Of this, more than 51%, or $17 billion are expected to be covered by re/insurance, which, although down on last year, is still in-line with the low average for the first six months over the last three decades.

“While industry statistics suggest a benign Q2 natcat season, we believe that a few weather events (especially severe weather events in the US from late winter storms, as well as tornado and hail events) will lead to negative effects within reinsurance accounts,” explains Deutsche Bank analysts, in a recent Q2 European Reinsurance industry note.

Ultimately, analysts predict that individual nat cat budgets will be utilised by between 40% to 50%, which results in combined ratio impacts of between 2.9% to 3.5%, within Deutsche Bank’s estimates.

At the same time, analysts warn that man-made catastrophes could play a bigger role than expected, with analysts factoring in up to 4.5% for major man-made claims, within its estimates.

According to Deutsche Bank, the two largest natural catastrophe events in Q2 were probably severe weather events that hit North America. Parts of northern U.S. and Canada were hit by severe winter weather in mid-April, while a severe weather event and a series of tornadoes occurred in mid-May in the southwest U.S.

“Although we expect that the majority of these losses will stay within the primary insurance world, we would also expect some effect on reinsurers,” says Deutsche Bank.

Elsewhere in Q2, Japan was hit by a magnitude 5.5 earthquake in mid-June, although the impact on the re/insurance sector is expected to be minimal, while two volcanic events (one in Hawaii and one in Guatemala) are not expected to have any effect on reinsurers.
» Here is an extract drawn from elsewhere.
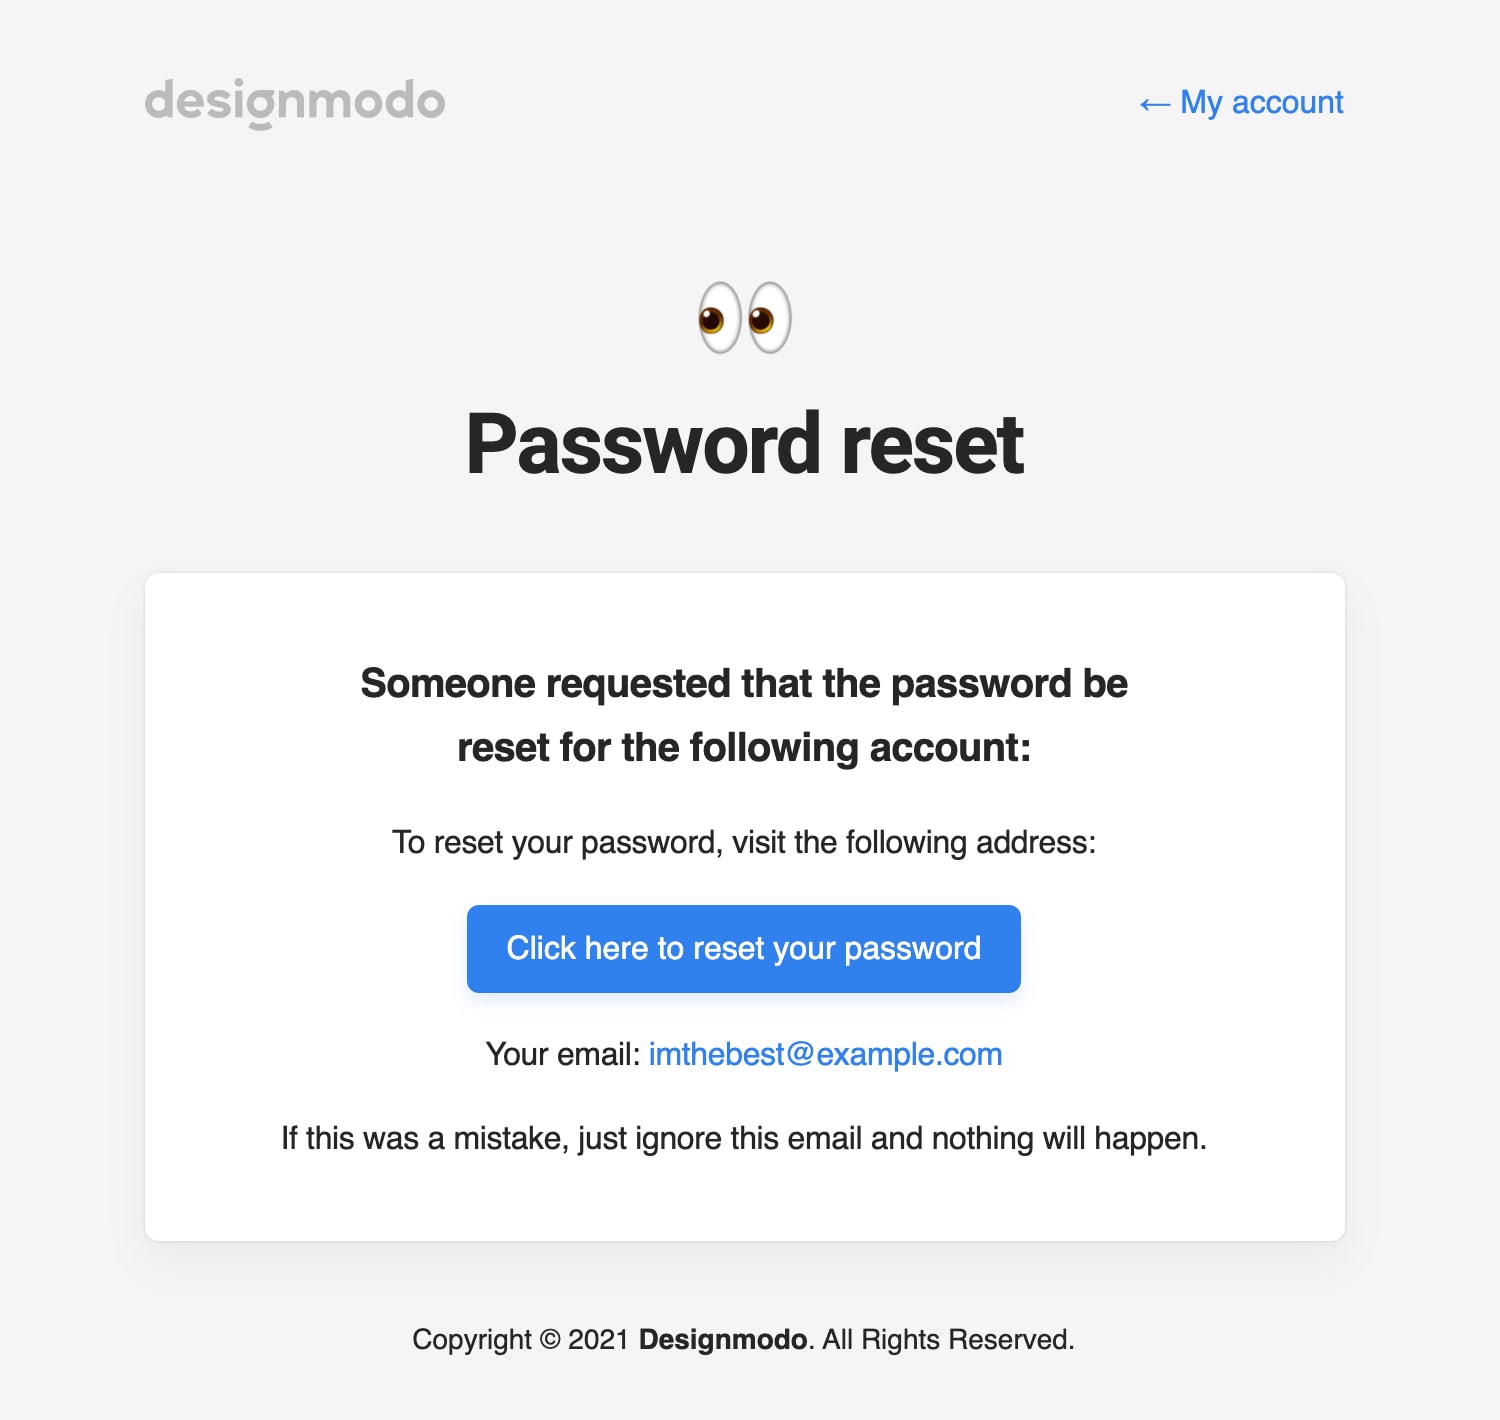 Designmodo password reset

Oman was hit by a Category 3 storm towards the end of May, which is expected to result in economic losses in the several hundreds of millions of dollars, of which some 30% is expected to be insured.

Interestingly, Deutsche Bank analysts highlight the potential for a couple of man-made losses to become major events in Q2, which includes the Colombian dam breach and the explosion of a Wisconsin, U.S. oil refinery.

Following heavy flooding, Colombia’s Hidroituango dam breached in mid-May, which is reported to have caused extensive damage to the facility, and which media reported is an estimated $4 billion investment project that is able to generate 16% of the country’s electricity.

“There is still a high degree of uncertainty on damage and potential insured loss, as well as whether it affected insurers. Reinsurers could book this as a Q2 event with a sort of first estimate, or they might wait until Q3 in which they probably have a better view on the outcome,” explains Deutsche Bank.

At the end of April, an oil refinery explosion in the U.S. is likely to become another man-made claim, says Deutsche Bank, with business interruption potentially increasing the insured loss total.

As a result of the above, Deutsche Bank says it expects to factor in an impact from man-made losses of between 3.5% to 4.5% for its reinsurance companies, although it does stress a high degree of uncertainty on the financials.

“Combining our c.3% impact from natcats and the c.4% impact from man-made events would still not fully utilize the respective major loss budgets, but it would turn Q2 into a more loss-burden quarter than consensus might assume,” explains Deutsche Bank.